I suspect the explosion in the number of features, Ted, is due to the  
use of n-grams producing a lot of unique terms.  I can try w/ gramSize  
= 1, that will likely reduce the feature set quite a bit.

I am using the WikipediaTokenizer from Lucene which does a better job  
of removing cruft from Wikipedia than StandardAnalyzer.

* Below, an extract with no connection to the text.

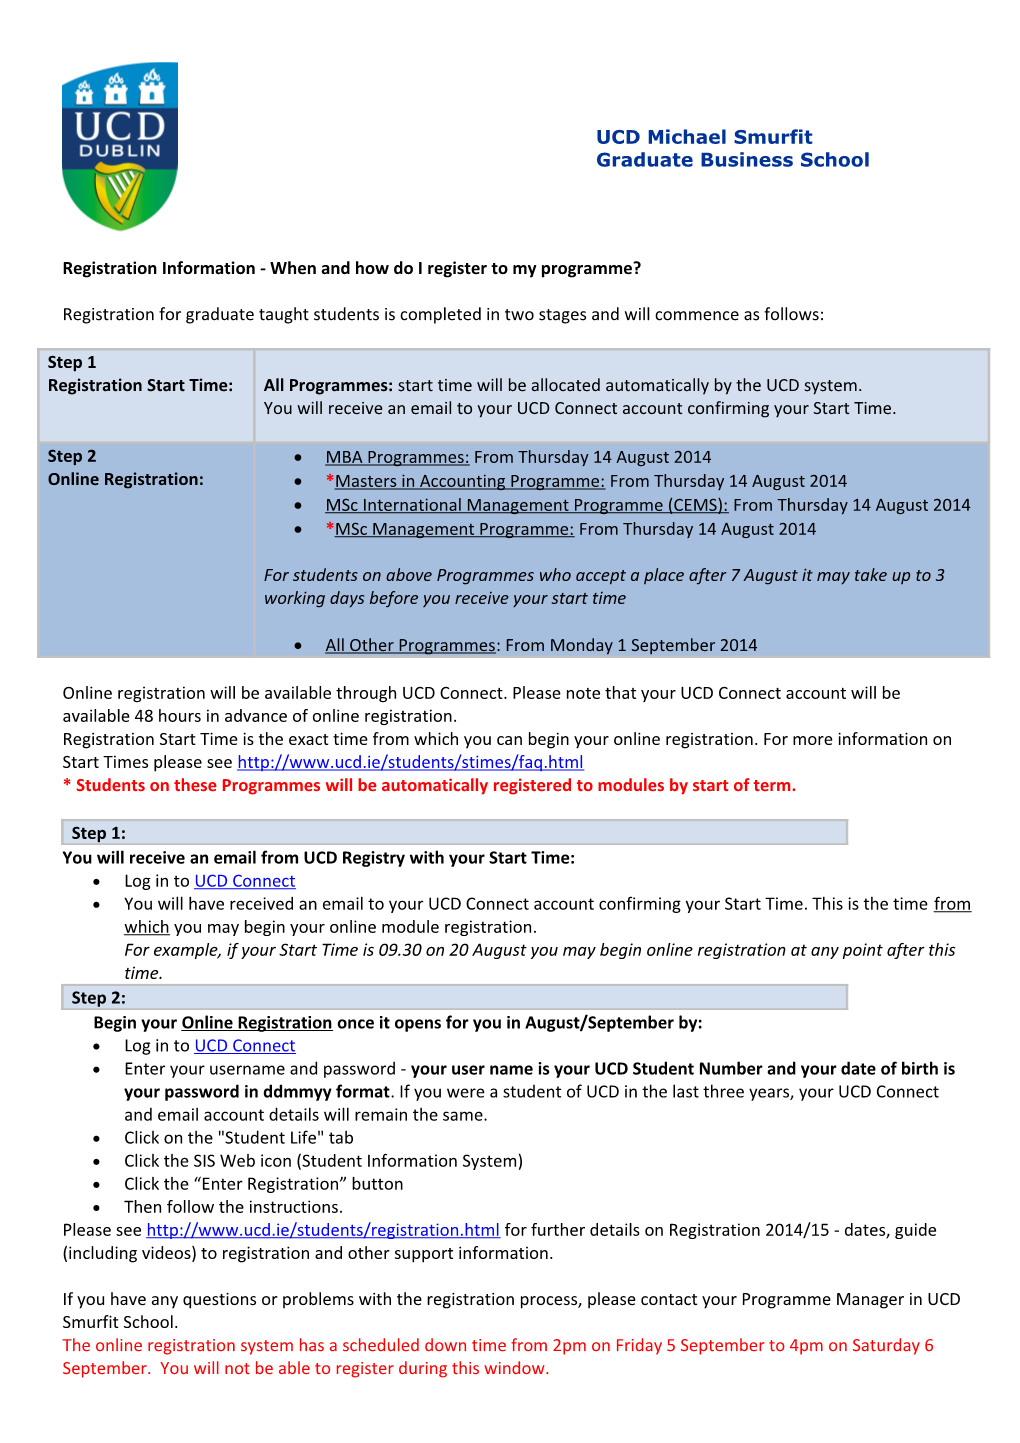 Registration Information - When and How Do I Register to My Programme?

This is all based on me piecing together from the Wiki and the code  
and is not on any great insight on my end.

-Grant

On Jul 22, 2009, at 2:24 PM, Ted Dunning wrote:

> It is common to have more features than there are plausible words.
>
> If these features are common enough to provide some support for the
> statistical inferences, then they are fine to use as long as they  
> aren't
> target leaks.  If they are rare (page URL for instance), then they  
> have
> little utility and should be pruned.
>
> Pruning will generally improve accuracy as well as speed and memory  
> use.
>
> On Wed, Jul 22, 2009 at 11:19 AM, Robin Anil <ro...@gmail.com>  
> wrote:
>
>> Yes, I agree. Maybe we can add a prune step or a minSupport parameter
>> to prune. But then again a lot depends on the tokenizer used.  
>> Numerals
>> plus string literal combinations like say 100-sanfrancisco-ugs found
>> in Wikipedia data a lot.  They add up to the feature count more than
>> English words
>>
>>

--------------------------
Grant Ingersoll
http://www.lucidimagination.com/

Search the Lucene ecosystem (Lucene/Solr/Nutch/Mahout/Tika/Droids)  
using Solr/Lucene:
http://www.lucidimagination.com/search

Re: Getting Started with Classification

Posted by Ted Dunning <te...@gmail.com>.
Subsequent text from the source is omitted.